Records to use: Begin

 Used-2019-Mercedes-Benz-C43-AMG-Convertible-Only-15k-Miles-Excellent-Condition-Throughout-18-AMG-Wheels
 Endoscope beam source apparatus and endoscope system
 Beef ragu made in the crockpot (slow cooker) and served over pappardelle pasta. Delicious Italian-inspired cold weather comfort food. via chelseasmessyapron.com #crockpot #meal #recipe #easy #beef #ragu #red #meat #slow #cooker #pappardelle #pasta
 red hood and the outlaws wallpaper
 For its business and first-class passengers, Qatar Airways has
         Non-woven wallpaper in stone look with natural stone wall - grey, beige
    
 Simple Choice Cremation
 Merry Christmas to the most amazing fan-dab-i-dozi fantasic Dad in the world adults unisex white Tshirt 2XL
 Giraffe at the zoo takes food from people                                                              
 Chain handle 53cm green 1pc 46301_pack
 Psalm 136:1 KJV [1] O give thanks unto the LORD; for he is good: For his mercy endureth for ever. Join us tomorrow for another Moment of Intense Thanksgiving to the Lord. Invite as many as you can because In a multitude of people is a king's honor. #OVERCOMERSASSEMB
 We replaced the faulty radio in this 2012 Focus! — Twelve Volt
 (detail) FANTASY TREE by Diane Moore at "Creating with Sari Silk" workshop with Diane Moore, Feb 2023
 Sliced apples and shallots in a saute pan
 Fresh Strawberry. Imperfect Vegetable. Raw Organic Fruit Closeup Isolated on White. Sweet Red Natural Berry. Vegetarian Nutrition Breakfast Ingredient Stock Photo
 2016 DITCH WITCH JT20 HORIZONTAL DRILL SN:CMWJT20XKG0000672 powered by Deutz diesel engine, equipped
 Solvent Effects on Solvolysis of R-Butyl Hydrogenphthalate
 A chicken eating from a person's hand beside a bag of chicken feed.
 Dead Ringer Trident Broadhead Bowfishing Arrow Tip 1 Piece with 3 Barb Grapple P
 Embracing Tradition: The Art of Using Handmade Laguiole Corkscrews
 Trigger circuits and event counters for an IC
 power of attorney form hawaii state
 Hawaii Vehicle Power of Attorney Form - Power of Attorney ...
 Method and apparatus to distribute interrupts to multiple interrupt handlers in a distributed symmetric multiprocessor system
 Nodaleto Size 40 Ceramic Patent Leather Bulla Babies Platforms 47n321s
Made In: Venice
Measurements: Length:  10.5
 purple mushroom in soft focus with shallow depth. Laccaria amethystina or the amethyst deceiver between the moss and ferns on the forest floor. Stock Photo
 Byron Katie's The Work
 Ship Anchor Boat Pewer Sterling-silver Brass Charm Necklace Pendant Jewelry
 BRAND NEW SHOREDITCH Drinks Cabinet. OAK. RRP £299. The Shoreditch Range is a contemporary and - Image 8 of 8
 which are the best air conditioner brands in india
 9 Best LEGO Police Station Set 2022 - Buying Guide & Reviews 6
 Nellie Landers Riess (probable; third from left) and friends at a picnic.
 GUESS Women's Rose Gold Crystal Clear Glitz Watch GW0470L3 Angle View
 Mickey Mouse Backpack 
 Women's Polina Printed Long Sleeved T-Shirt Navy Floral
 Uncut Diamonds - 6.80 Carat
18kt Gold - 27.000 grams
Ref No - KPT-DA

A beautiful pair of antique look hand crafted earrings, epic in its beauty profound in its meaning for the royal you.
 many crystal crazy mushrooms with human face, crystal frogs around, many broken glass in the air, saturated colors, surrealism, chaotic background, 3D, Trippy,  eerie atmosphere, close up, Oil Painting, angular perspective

Records to use: End

(Exercise objective):
The expected output is the run of lines from the one holding "9 Best LEGO" to the last line of the entries above, each reproduced character for character.

(Answer below):
 9 Best LEGO Police Station Set 2022 - Buying Guide & Reviews 6
 Nellie Landers Riess (probable; third from left) and friends at a picnic.
 GUESS Women's Rose Gold Crystal Clear Glitz Watch GW0470L3 Angle View
 Mickey Mouse Backpack 
 Women's Polina Printed Long Sleeved T-Shirt Navy Floral
 Uncut Diamonds - 6.80 Carat
18kt Gold - 27.000 grams
Ref No - KPT-DA

A beautiful pair of antique look hand crafted earrings, epic in its beauty profound in its meaning for the royal you.
 many crystal crazy mushrooms with human face, crystal frogs around, many broken glass in the air, saturated colors, surrealism, chaotic background, 3D, Trippy,  eerie atmosphere, close up, Oil Painting, angular perspective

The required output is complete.